As the days drew nearer, I read a couple of blogs by people who had reached the Margherita peak and they all painted a touristy picture of how wonderful it was up there and how beautiful it looked. I could not wait.

The trek begins

We began our eight-day trek on May 31, 2013, through Kilembe town, hiking over broken bridges that were swept away by recent floods. At RTS offices in Kilembe we changed into gumboots, signed documents that, in essence, said we were responsible for our lives and should anything happen to us, the trekking company was not liable. We were later briefed about our journey and told to look out for blue monkeys, a number of unique birds, mountain goats, leopards and lots of interesting flora.

To reach Margherita peak, we were to trek through seven biospheres, namely the savannah grassland, the natural rainforest, the bamboo zone, the heather zone, the alpine zone, rock zone and lastly, the snow zone. I looked forward to experiencing these great wonders.

At 9:03am, we each set off into the Rwenzori Mountains National Park with our guides and a group of porters carrying our luggage, food, utensils and mountaineering equipment. We paid our entry fees into the world heritage site at the Uganda Wildlife Authority offices.

At this point, we were all in high spirits, chatting, joking and laughing with our guides and porters. It was mostly cool because we were covered by the green canopy of giant ancient trees and plants. We trekked through this lovely forest for six hours, all the while listening to the beautiful sounds of birds, blue monkeys and the endless sounds of River Nyamwaburi. I took my time breathing in the fresh unpolluted air, thanking God for the marvellous beauty.

On this trail, we had a view of the landslides caused by last month’s floods that devastated parts of Kasese town. Even here, landscapes, river paths and trails were redefined by the heavy rains. Gigantic trees that once stood for decades lay uprooted on the shores of the river, while stones as big as small cars that were carried down by the floods remained scattered in the forest. This senseless devastation unsettled my nerves. For the first time, I thought about the potential danger I had put myself in.
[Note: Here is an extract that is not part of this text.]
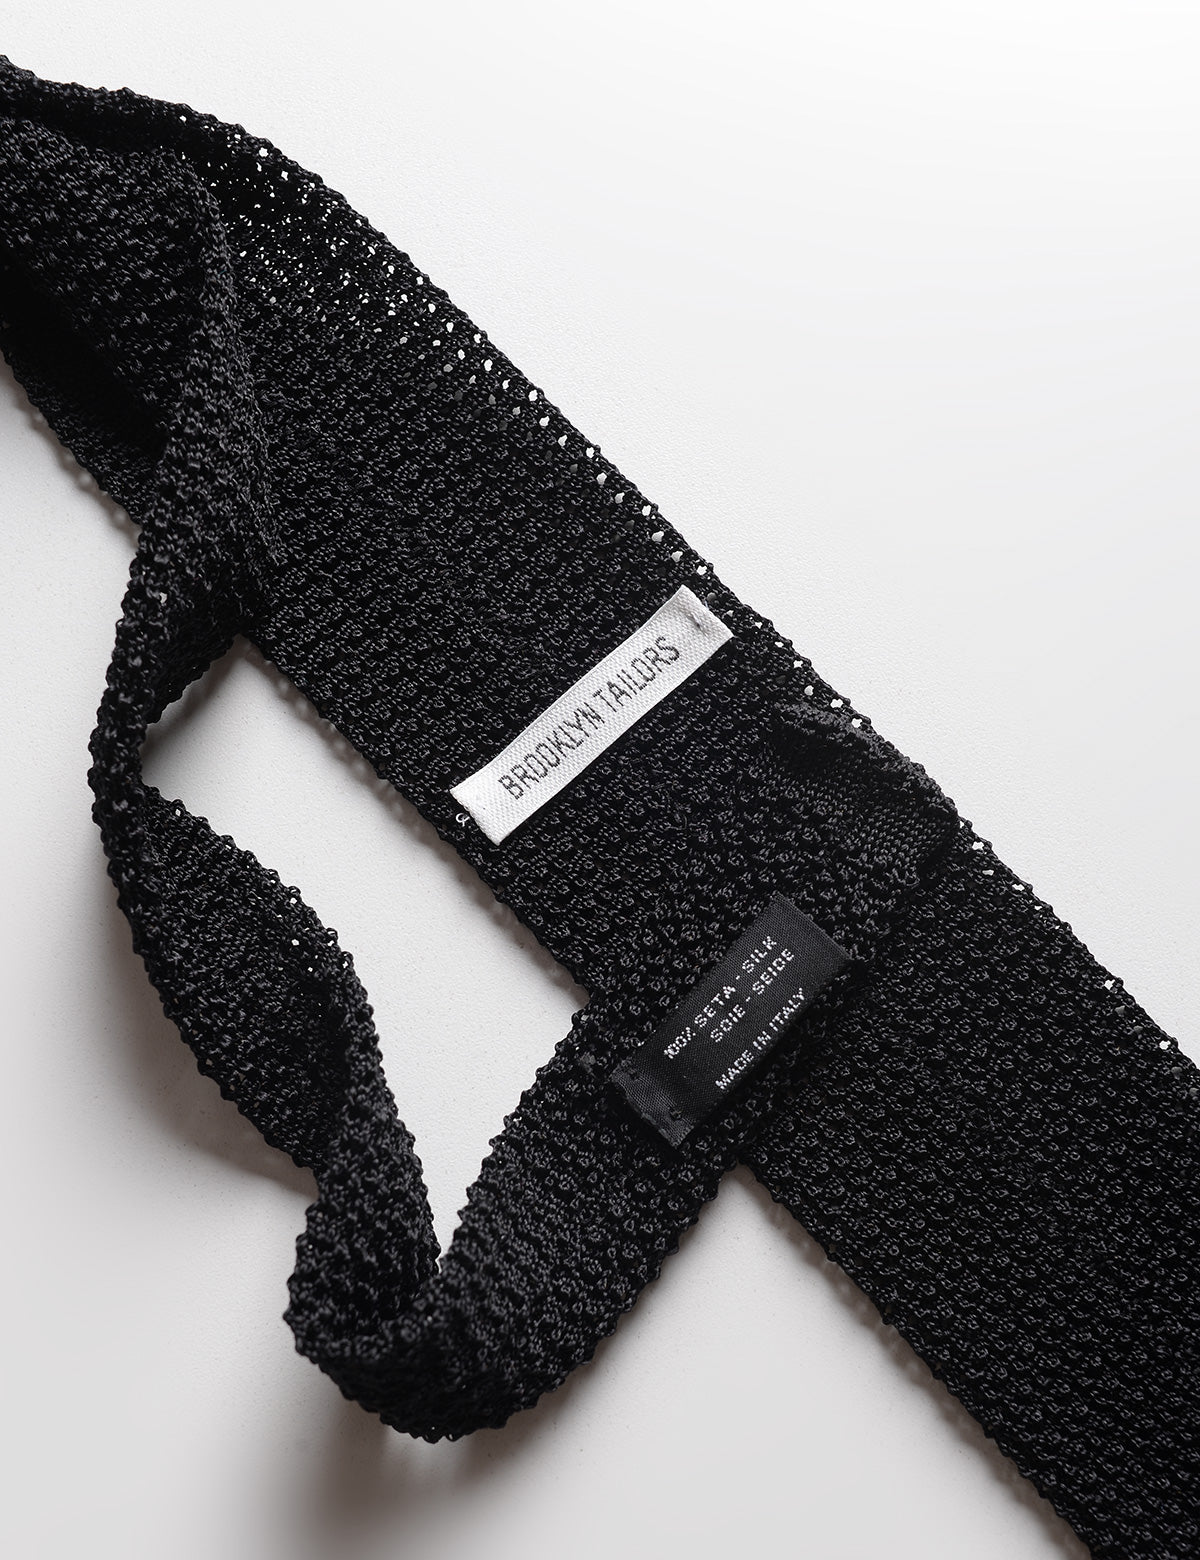 Detail of labels and knit of Italian Silk Knit Tie - Black

The angry roaring of River Nyamwaburi and the unsettled rocks used as stepping stones made crossing it particularly hard for me.

The writer with fellow trekkers

The sweat

Right after crossing River Nyamwaburi, the unannounced steep climb upwards began. For the porters and guides, it was an easy climb. It was particularly hard for me, but with the help of a walking stick and words of encouragement from my faithful guide, I successfully made it to the first camp located 2,596 meters above sea level, drenched in sweat.

We spent our first night here listening to the endless roaring of the river and a nearby waterfall. We woke up to a chilly foggy morning, which made it impossible to see more than two metres ahead. After breakfast, we began the day’s trek through the bamboo zone, which is characterised by very steep climbs through thickets of bamboo trees. This biosphere is also home to a number of herbal plants such as the scardosas plant, whose sap is used to treat snake bites. And the Lobelia gibberoa plant, locally known as the ekihibira, a plant believed to ease labour for pregnant women.

The trek through this serene zone lasted four hours before we were ushered into the colder and misty heather zone. It is treacherously wet, misty and freezing cold, with numerous streams of ice cold water flowing downstream. This zone gets its name from the heather trees that abundantly grow in this area. They grow light-green moss that hangs on its branches like an old man’s unkempt beard.

I solemnly trekked through the heather zone, much of the time wondering if I had lost my mind. The mist made it impossible to see more than two meters ahead. It was freezing cold, despite the fact that I was wearing thermal underwear and four layers of thick clothes.

My nose kept running. We reached the third camp where we spent a night after trekking through the heather zone for eight grilling hours. That night, I slept like a log with three hot water bottles in my sleeping bag for warmth.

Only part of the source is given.